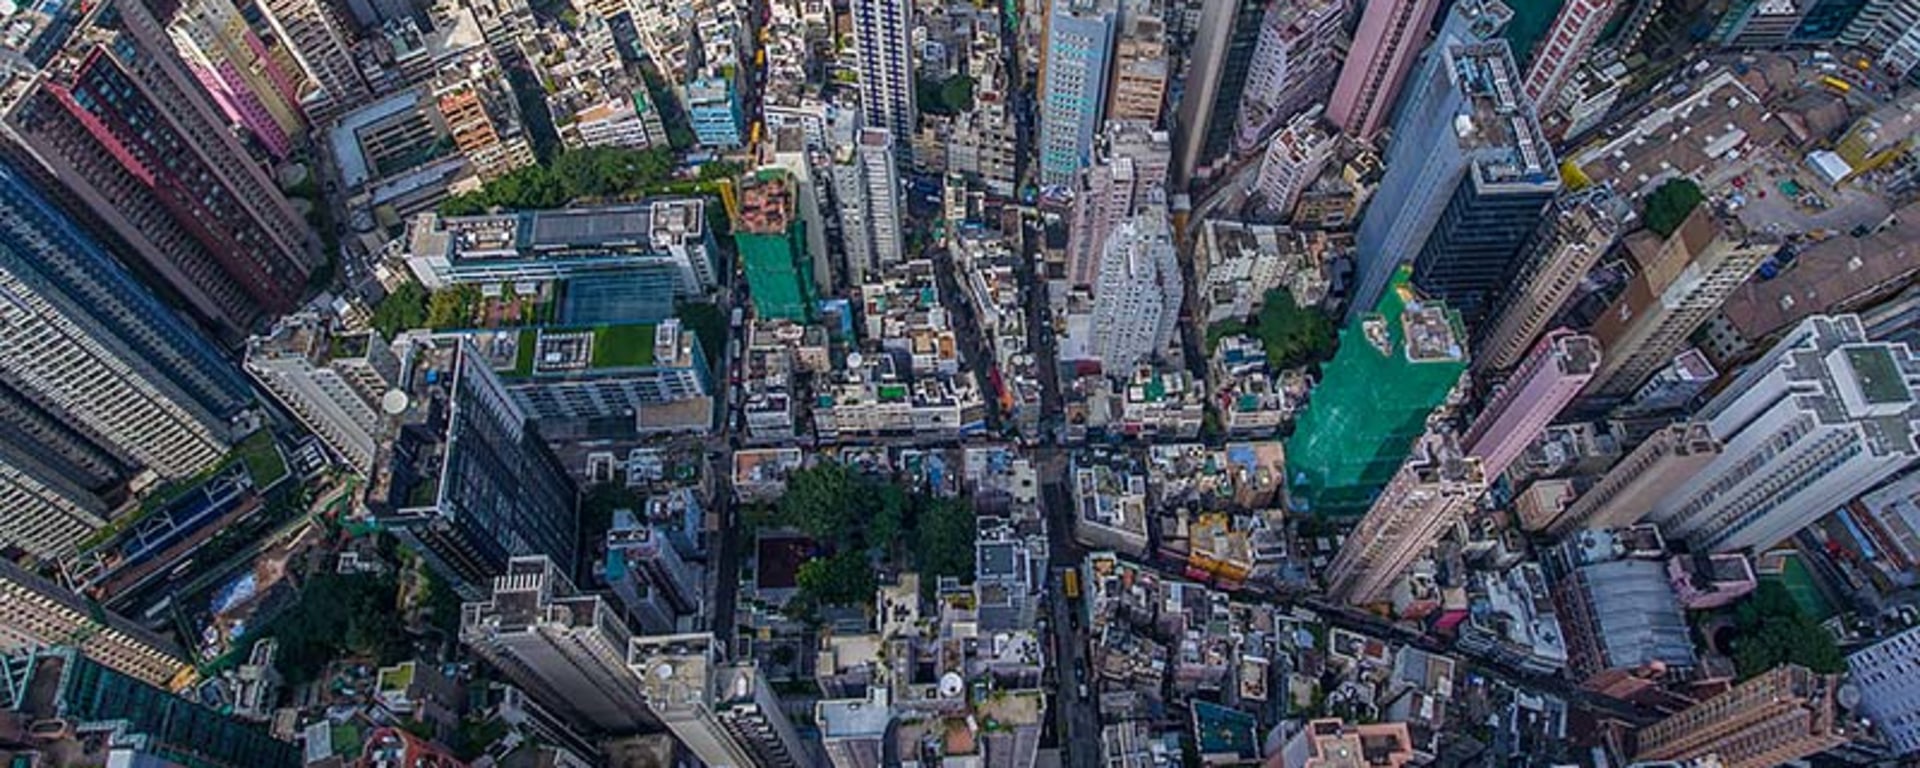 Vontobel in Hong Kong - Bird's eye view of the city
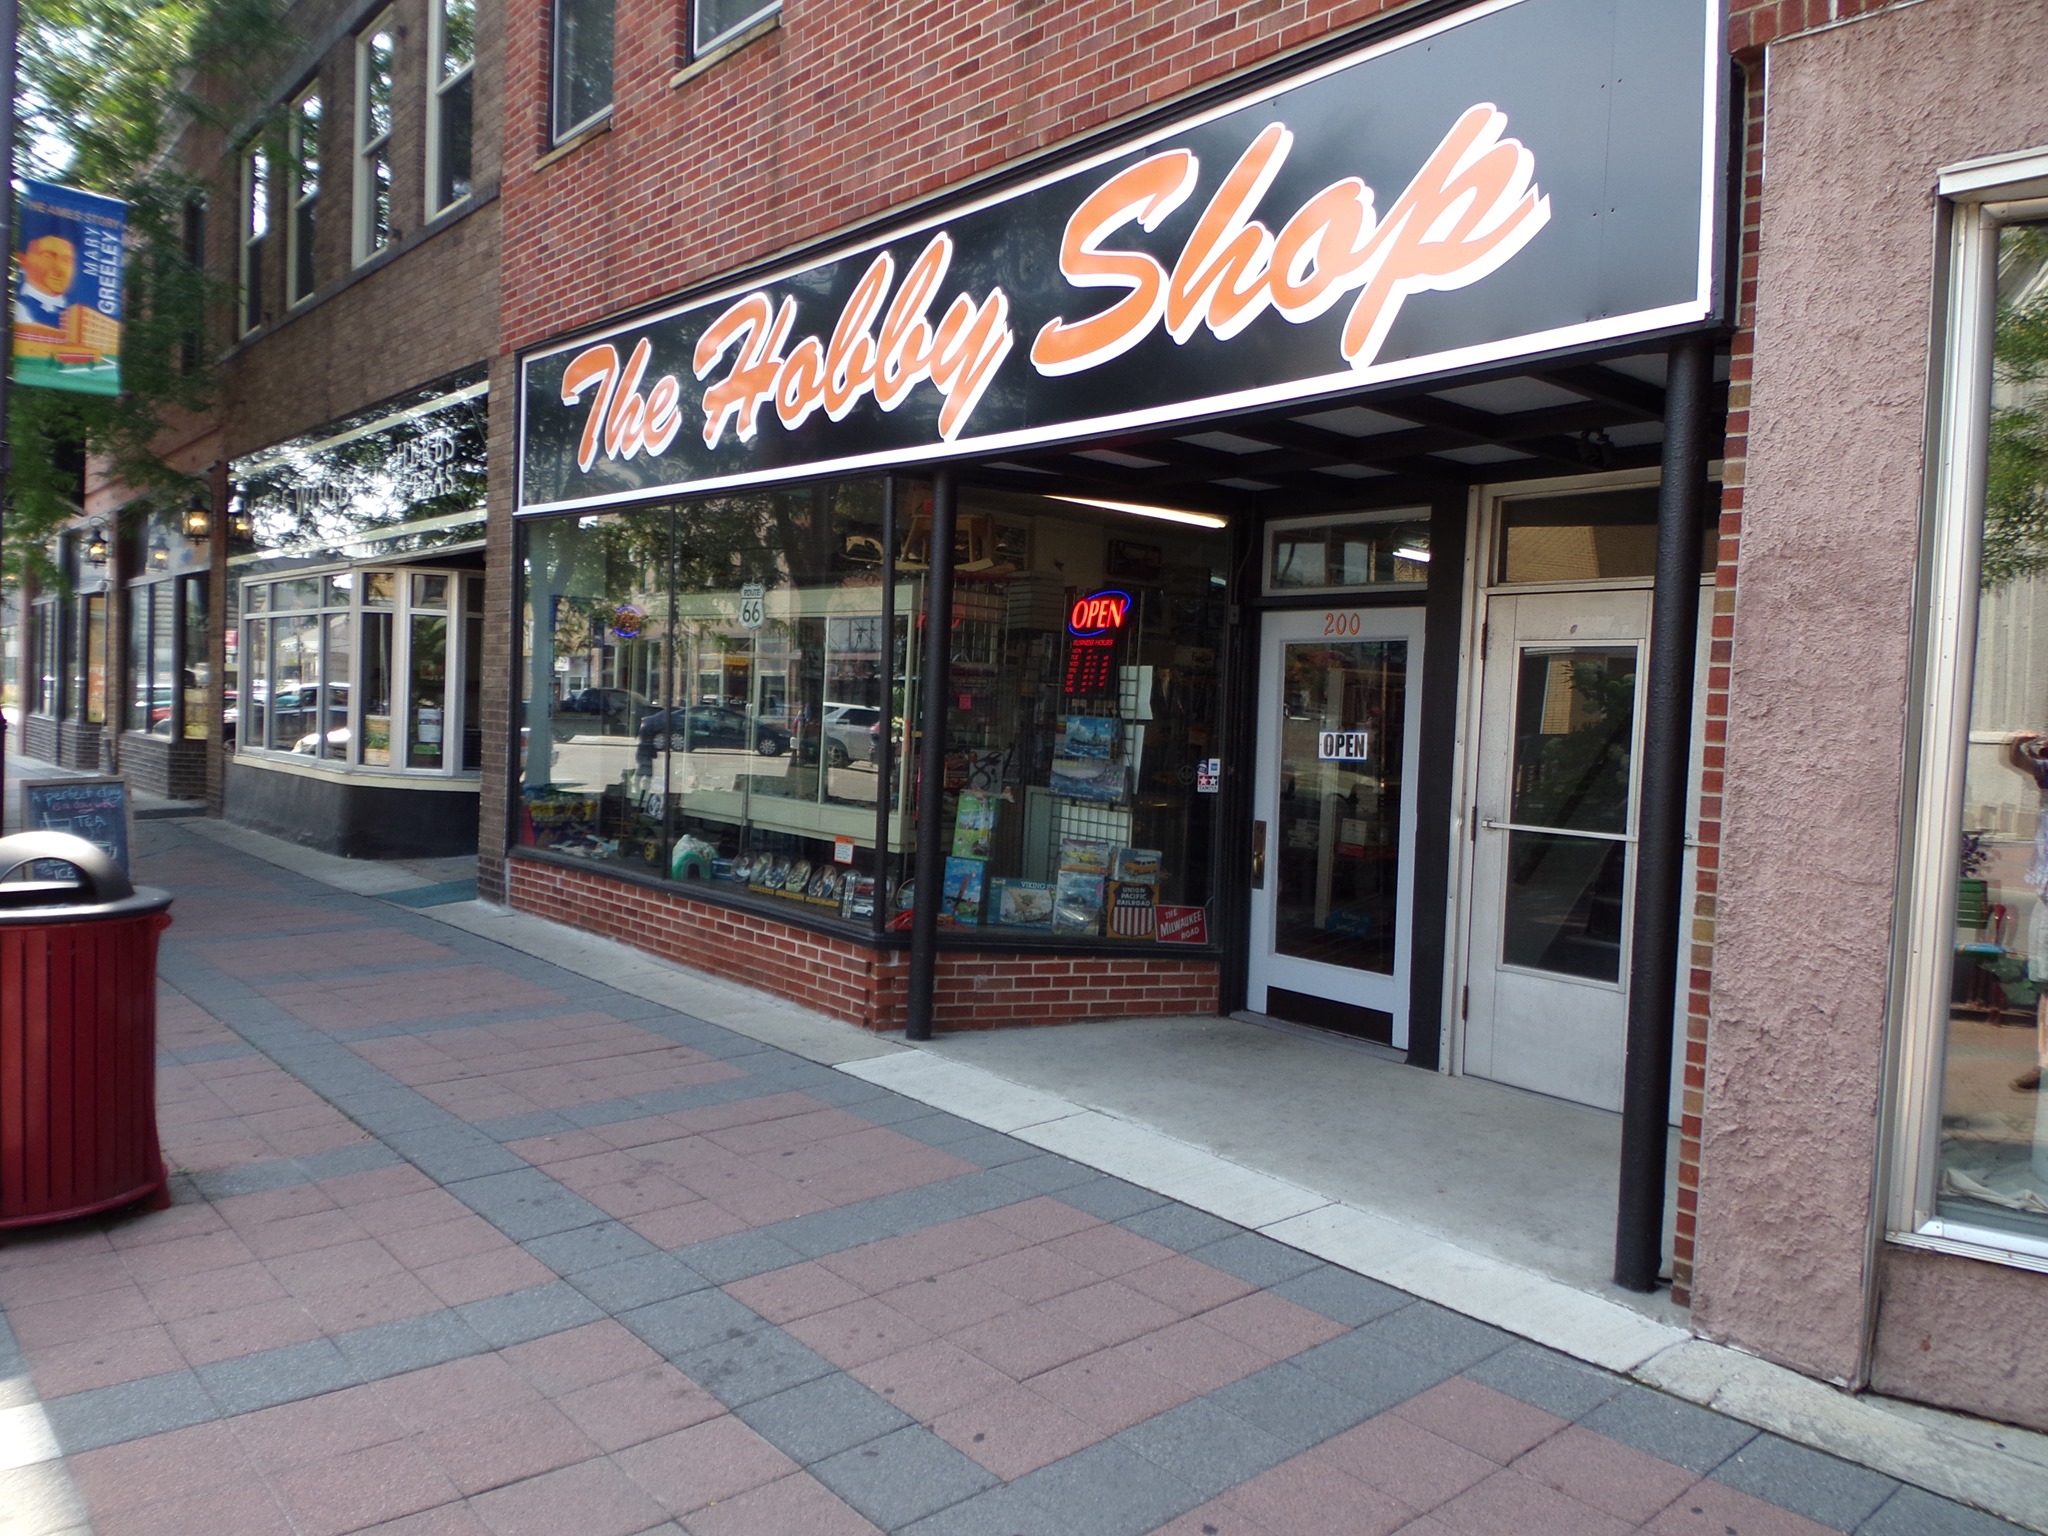 The Hobby Shop
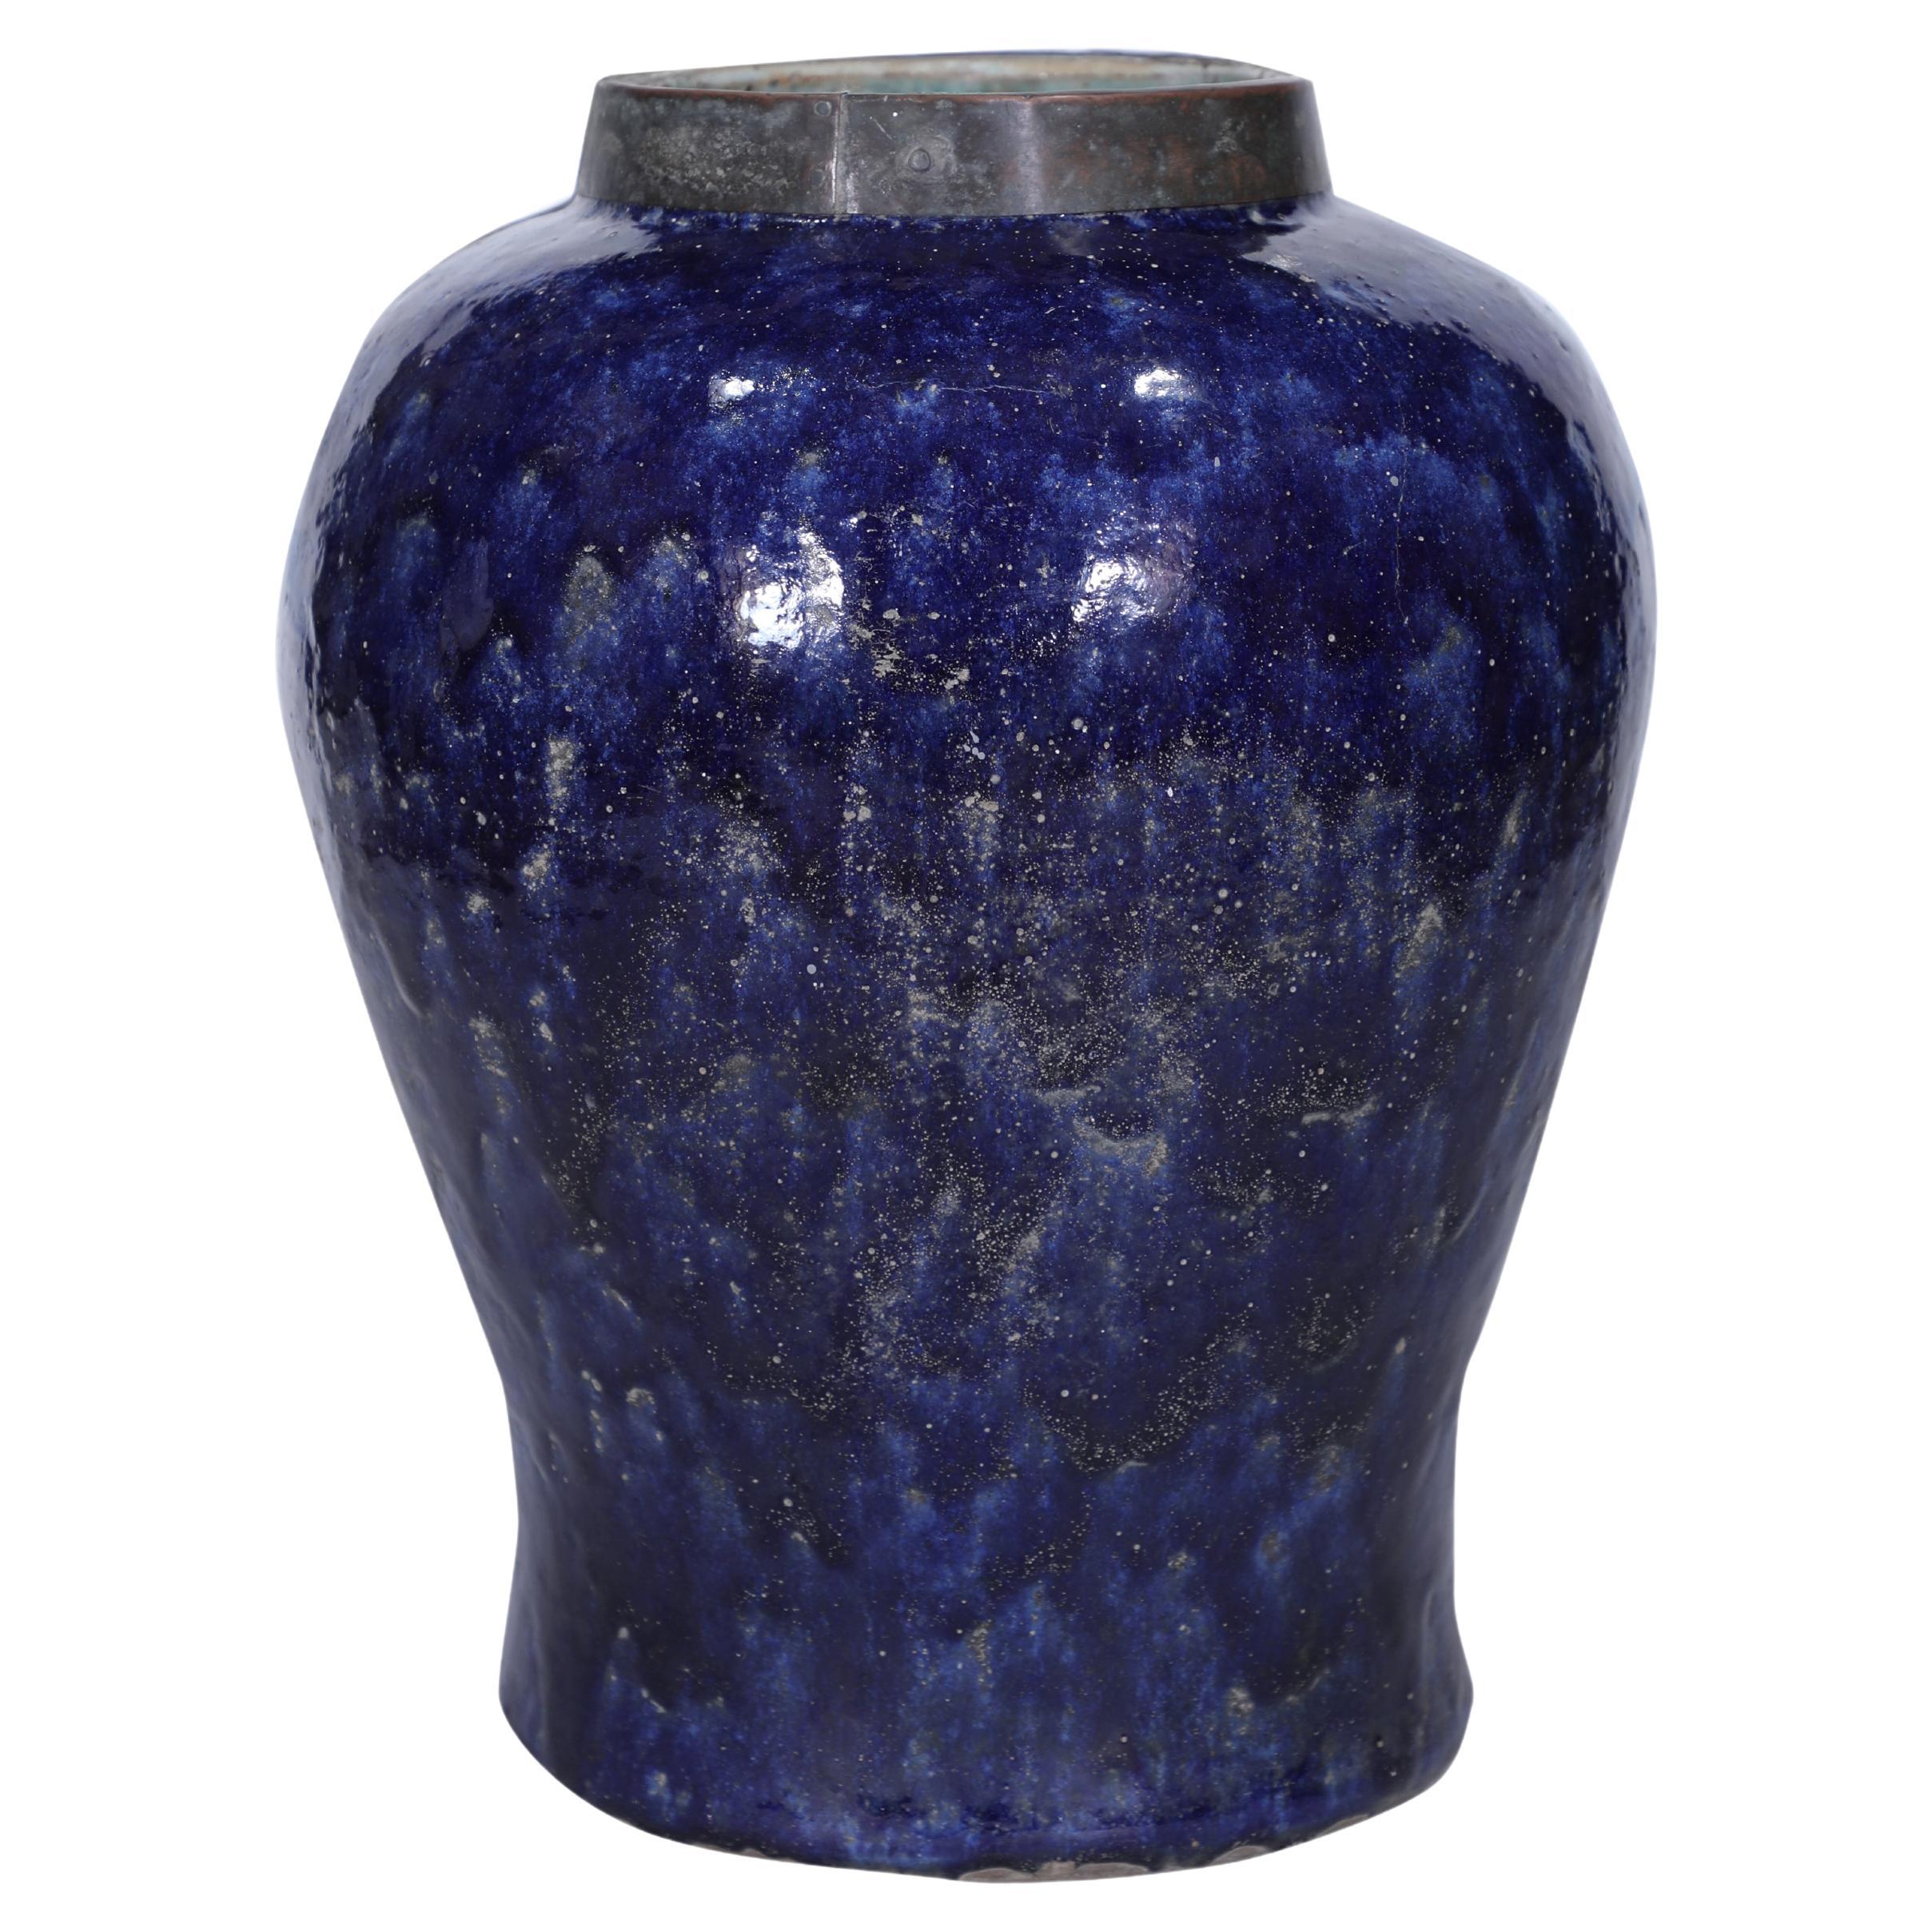 Grande urne ou jardinière en céramique bleu cobalt

————————

• [Required work]
Since pictures are not part of the copy, set down only the remaining data exactly.

• [Final answer]
 Vontobel in Hong Kong - Bird's eye view of the city
 The Hobby Shop
 Grande urne ou jardinière en céramique bleu cobalt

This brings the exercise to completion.